A deep dive into Google led me to the scientific paper “61 Cygni as a Triple System”  by astronomer K. A. Strand. This short paper, published in 1943, shows that the measured position of the stars in the 61 Cygni system were changing slightly over time, in a predictable cycle. Small changes in position like this indicate that there is an unseen orbiting companion to the star, whose gravitational pull is slightly shifting the movement of the primary star.

By measuring the size of the cyclical changes in position, the mass of the object creating them can be determined. And this paper did just that! Strand found that the companion (61 Cygni c) had a mass of about 16 times the mass of Jupiter. Strand asserts:

“With a mass considerably smaller than the smallest known stellar mass … the dark companion must have an intrinsic luminosity so extremely low that we may consider it a planet rather than a star.

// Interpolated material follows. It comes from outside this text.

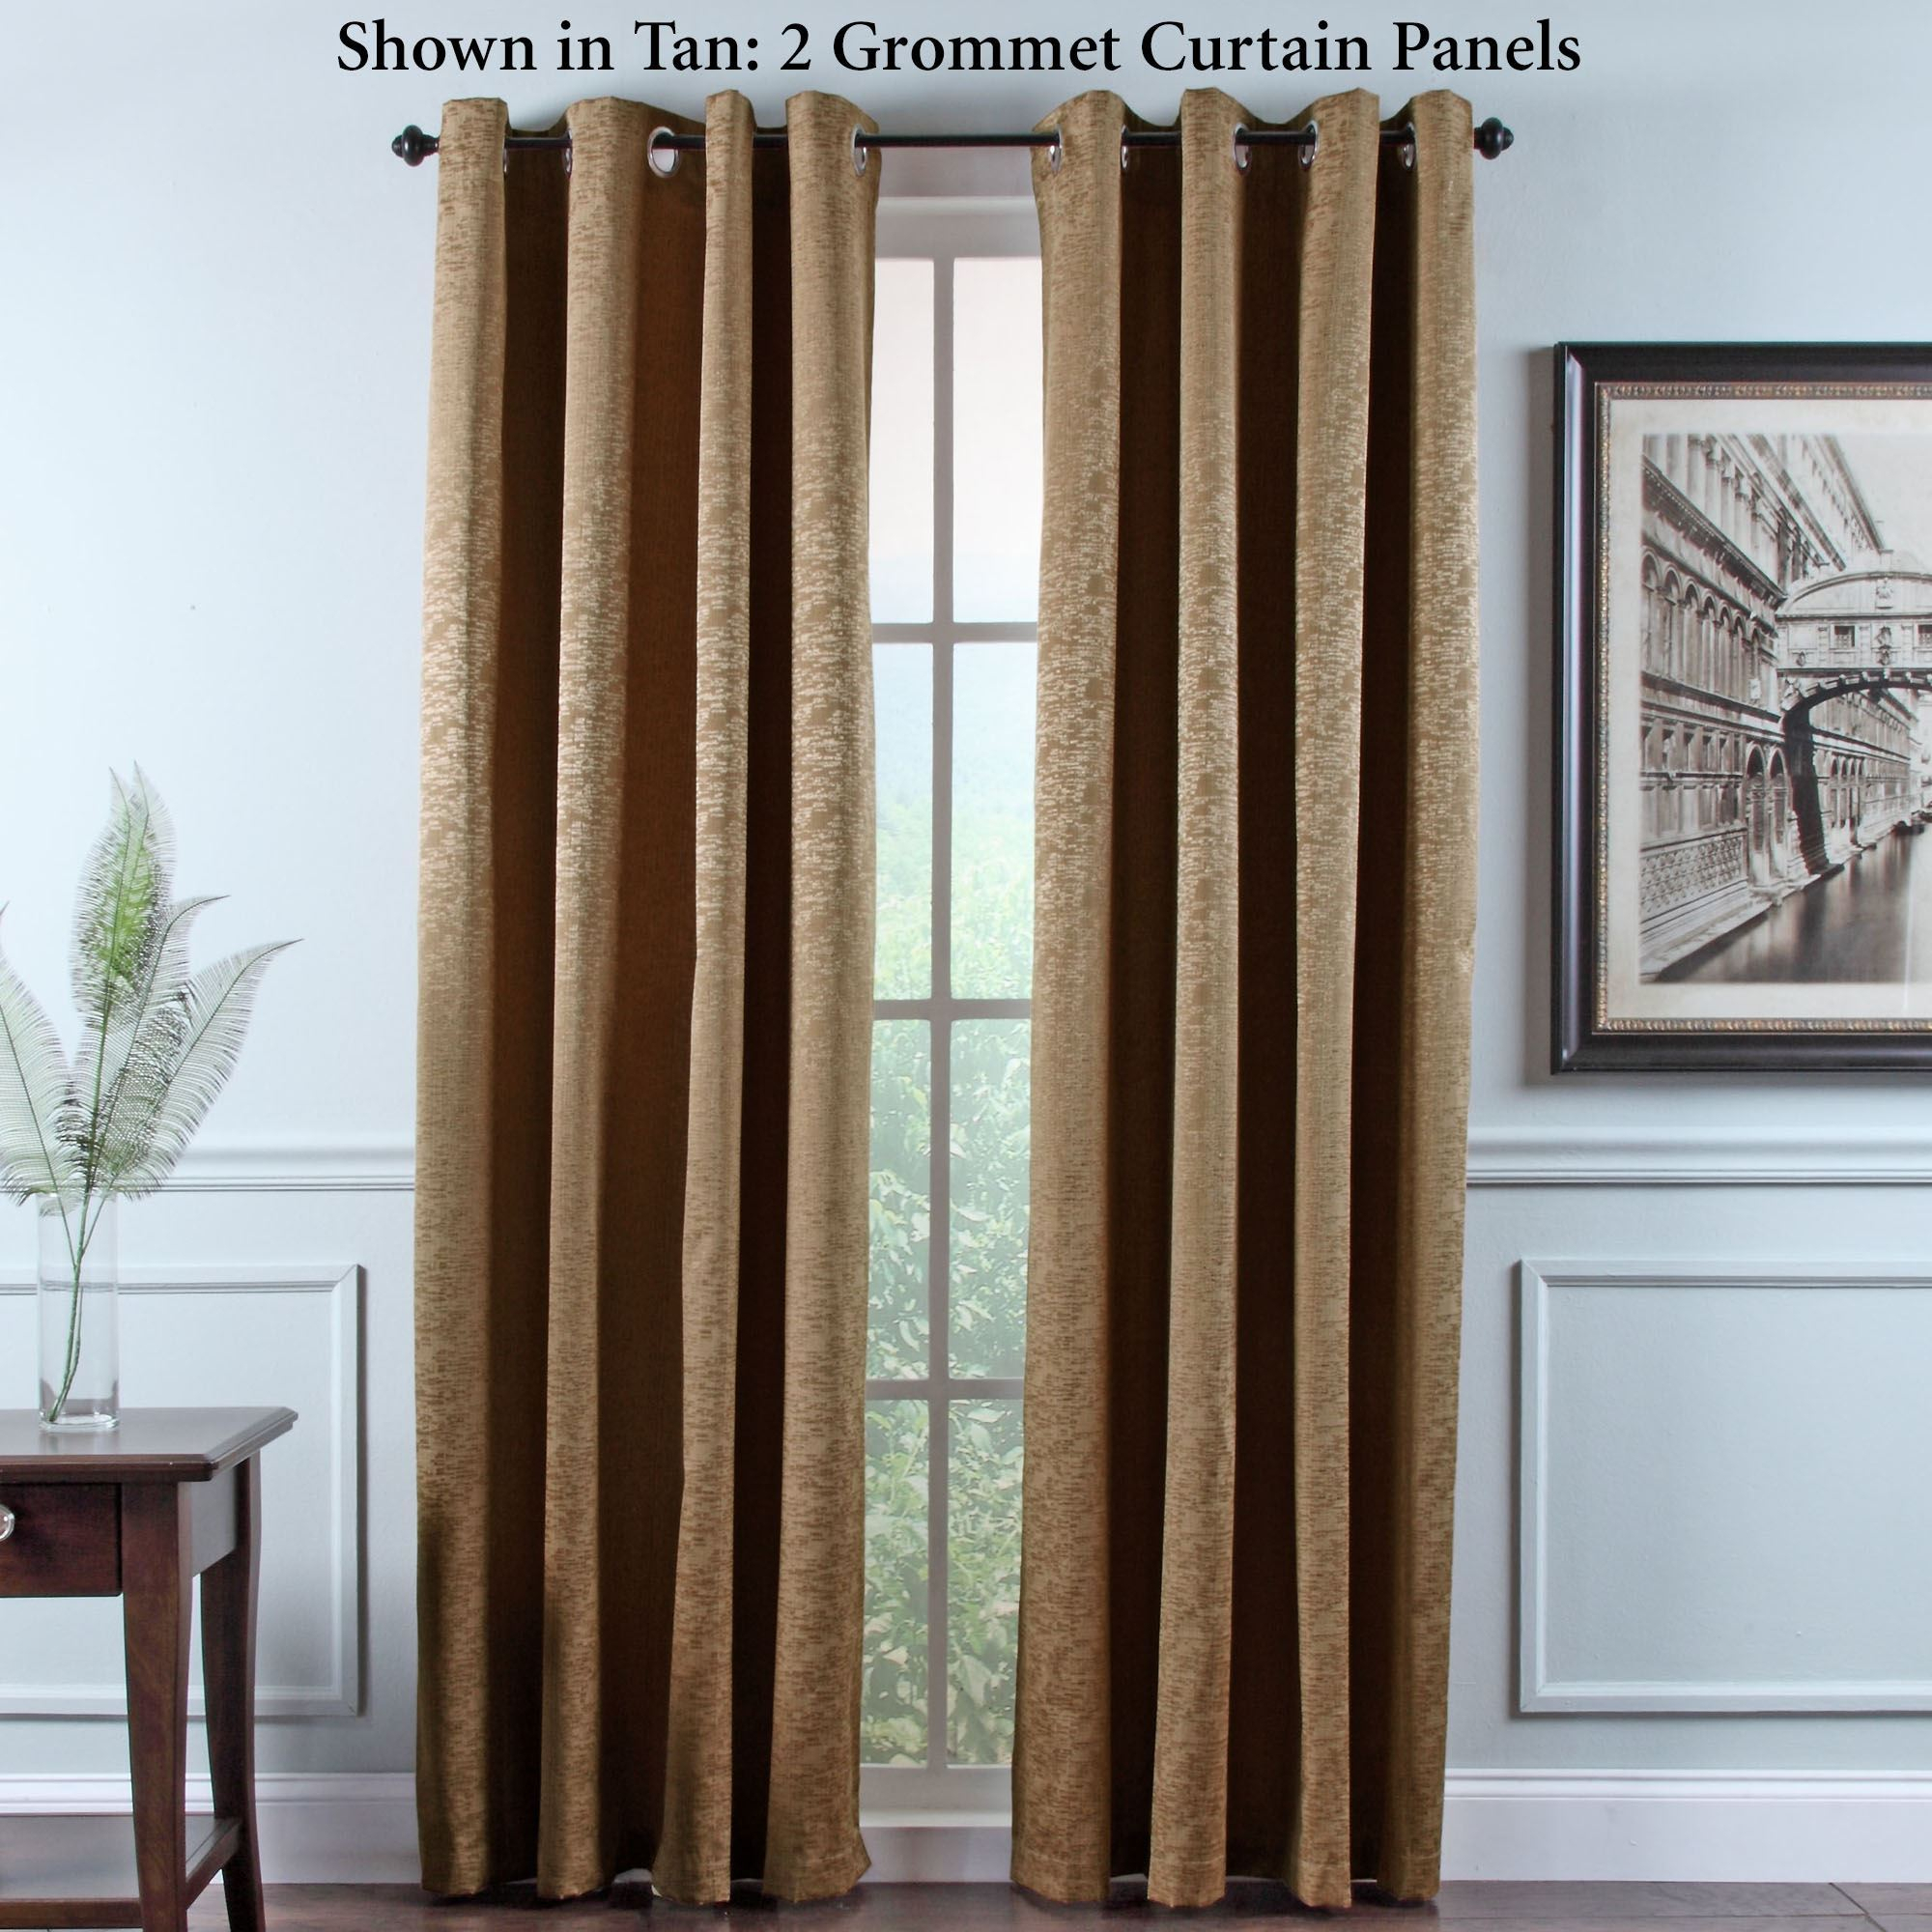 Portland Room Darkening Insulated Grommet Curtain Panels within Grommet Room Darkening Curtain Panels (Image 13 of 20)

Thus planetary motion has been found outside the solar system.”

Excellent! So why then isn’t 61 Cygni C lauded today as the first discovery of an exoplanet?

There are several problems with the discovery, the most significant of which deals with the accuracy of the position measurements used. In the 1930s and 40s, when these measurements were taken, astronomers did not have access to the more precise and accurate methods and tools that we use today to measure position and velocity. Instead, they used glass photographic plates and used a ruler to measure the distances between the stars. By repeating this with hundreds of observations (each on its own 8” by 8” glass plate), they could see how the positions changed over time.

An example of a photographic plate from one of the telescopes used in the 1943 61 Cygni study.
An example of a photographic plate from one of the telescopes used in the 1943 61 Cygni study. The plate is a negative, showing stars as black dots, and empty space in white. Brighter stars appear as larger dots. Written at the bottom of the plate are notes indicating when the image was taken (Nov. 10, 1963), and what part of the sky it shows.

This method had problems though, and it was later shown that changes in the telescope lens or a change in the chemicals used to develop the photographic plates produced small changes in the position of stars. In the 1980s a number of papers came out, which, using more precise methods of measurement, found no evidence for any orbiting companion in the system. This debunked not only 61 Cygni C as the “first exoplanet” but also several other purported exoplanet discoveries that had been made using the same techniques in the 40 years following.

The “discovery” was later eclipsed by the first true exoplanets in the 1990’s and by the thousands more  (4,521 and counting) that have been confirmed since. When I brought it up at a lab meeting, no one in the room had ever heard of the 1942 61 Cygni c exoplanet discovery. And thus one sentence, written 75 years ago, sent me off down a week-long rabbit hole into early “planet” discoveries.